Exercise aim:
List all lines of the data containing the word "Golden".

Material to process:

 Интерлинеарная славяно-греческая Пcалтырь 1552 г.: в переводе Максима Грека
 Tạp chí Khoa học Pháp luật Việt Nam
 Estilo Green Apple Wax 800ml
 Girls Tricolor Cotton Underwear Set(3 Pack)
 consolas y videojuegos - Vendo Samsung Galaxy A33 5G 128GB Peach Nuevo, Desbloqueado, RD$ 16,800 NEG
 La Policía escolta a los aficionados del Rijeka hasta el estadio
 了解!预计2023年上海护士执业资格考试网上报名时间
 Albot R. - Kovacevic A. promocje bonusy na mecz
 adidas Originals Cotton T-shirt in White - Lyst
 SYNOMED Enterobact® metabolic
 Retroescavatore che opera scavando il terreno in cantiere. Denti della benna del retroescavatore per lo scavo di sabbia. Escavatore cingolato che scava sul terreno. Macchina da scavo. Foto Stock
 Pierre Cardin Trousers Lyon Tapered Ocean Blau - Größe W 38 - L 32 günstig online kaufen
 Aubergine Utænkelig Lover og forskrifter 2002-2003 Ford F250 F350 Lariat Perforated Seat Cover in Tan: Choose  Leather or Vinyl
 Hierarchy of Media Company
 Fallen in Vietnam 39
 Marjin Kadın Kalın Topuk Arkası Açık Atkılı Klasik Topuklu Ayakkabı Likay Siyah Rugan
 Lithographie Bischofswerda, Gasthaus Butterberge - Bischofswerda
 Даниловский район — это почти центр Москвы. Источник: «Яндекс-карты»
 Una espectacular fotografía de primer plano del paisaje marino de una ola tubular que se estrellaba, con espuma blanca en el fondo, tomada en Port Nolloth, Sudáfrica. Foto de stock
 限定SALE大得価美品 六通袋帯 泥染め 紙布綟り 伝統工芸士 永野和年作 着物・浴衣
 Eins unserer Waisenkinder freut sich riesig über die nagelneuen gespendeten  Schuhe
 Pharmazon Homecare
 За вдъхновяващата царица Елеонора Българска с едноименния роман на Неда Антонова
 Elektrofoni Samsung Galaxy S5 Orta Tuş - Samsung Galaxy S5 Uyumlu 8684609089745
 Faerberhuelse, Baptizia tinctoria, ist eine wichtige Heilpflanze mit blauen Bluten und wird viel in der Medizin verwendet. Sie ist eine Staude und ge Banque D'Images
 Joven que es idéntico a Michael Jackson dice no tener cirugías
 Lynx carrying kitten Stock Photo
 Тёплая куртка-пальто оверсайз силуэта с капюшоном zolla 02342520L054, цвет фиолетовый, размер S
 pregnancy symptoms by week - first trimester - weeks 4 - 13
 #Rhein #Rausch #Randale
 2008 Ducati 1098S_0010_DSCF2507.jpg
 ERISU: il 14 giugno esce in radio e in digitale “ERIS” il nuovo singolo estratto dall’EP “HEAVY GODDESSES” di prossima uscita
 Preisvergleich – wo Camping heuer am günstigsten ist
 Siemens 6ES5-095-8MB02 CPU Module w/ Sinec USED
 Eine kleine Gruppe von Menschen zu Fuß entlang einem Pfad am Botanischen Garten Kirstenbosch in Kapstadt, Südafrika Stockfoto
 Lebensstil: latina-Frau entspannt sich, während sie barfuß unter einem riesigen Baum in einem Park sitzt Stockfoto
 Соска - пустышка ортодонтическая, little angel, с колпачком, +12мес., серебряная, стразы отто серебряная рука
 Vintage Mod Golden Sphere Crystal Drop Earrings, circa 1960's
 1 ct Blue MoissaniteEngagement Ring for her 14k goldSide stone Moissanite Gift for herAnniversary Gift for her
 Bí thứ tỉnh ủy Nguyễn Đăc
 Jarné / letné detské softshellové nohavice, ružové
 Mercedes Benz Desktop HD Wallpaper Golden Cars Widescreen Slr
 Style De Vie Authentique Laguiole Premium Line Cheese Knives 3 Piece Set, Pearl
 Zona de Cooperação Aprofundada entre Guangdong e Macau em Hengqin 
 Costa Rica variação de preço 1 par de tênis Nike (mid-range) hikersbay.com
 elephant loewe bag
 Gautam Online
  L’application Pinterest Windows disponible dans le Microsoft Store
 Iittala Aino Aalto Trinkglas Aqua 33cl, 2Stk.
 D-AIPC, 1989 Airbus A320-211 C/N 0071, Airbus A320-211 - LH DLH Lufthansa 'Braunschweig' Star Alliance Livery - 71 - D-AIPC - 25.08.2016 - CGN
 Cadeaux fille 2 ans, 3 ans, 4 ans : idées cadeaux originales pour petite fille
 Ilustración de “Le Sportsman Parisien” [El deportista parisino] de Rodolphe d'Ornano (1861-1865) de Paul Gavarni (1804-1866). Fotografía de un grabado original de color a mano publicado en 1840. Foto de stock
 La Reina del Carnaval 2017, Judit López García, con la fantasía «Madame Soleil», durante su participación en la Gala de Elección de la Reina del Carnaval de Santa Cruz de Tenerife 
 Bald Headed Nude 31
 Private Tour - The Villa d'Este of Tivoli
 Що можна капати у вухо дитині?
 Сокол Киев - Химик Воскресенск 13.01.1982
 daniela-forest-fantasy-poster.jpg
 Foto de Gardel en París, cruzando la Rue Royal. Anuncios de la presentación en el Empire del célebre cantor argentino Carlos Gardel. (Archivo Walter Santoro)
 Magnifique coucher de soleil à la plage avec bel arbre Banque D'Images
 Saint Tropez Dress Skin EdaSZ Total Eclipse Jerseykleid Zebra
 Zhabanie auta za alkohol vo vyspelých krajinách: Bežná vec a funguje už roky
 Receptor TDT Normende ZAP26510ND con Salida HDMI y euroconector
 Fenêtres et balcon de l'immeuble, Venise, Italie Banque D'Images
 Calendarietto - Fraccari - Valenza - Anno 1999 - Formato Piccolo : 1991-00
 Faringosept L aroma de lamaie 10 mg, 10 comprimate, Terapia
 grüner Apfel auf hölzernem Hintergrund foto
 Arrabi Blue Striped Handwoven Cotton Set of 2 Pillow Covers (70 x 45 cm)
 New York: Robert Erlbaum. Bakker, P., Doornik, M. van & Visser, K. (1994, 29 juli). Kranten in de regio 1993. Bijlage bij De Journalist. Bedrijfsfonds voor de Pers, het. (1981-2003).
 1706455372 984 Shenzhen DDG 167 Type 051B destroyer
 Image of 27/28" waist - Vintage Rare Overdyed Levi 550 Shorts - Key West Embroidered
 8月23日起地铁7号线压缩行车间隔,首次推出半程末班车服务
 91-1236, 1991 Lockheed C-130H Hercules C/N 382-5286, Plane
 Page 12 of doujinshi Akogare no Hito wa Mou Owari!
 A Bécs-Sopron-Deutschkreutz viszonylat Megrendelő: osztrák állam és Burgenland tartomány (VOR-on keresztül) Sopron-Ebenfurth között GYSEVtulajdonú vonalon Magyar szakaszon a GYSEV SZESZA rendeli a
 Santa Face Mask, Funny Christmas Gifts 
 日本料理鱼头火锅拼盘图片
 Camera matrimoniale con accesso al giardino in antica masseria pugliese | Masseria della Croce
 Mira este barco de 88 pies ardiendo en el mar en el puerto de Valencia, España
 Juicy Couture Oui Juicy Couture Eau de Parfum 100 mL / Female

Task output:
 Vintage Mod Golden Sphere Crystal Drop Earrings, circa 1960's
 Mercedes Benz Desktop HD Wallpaper Golden Cars Widescreen Slr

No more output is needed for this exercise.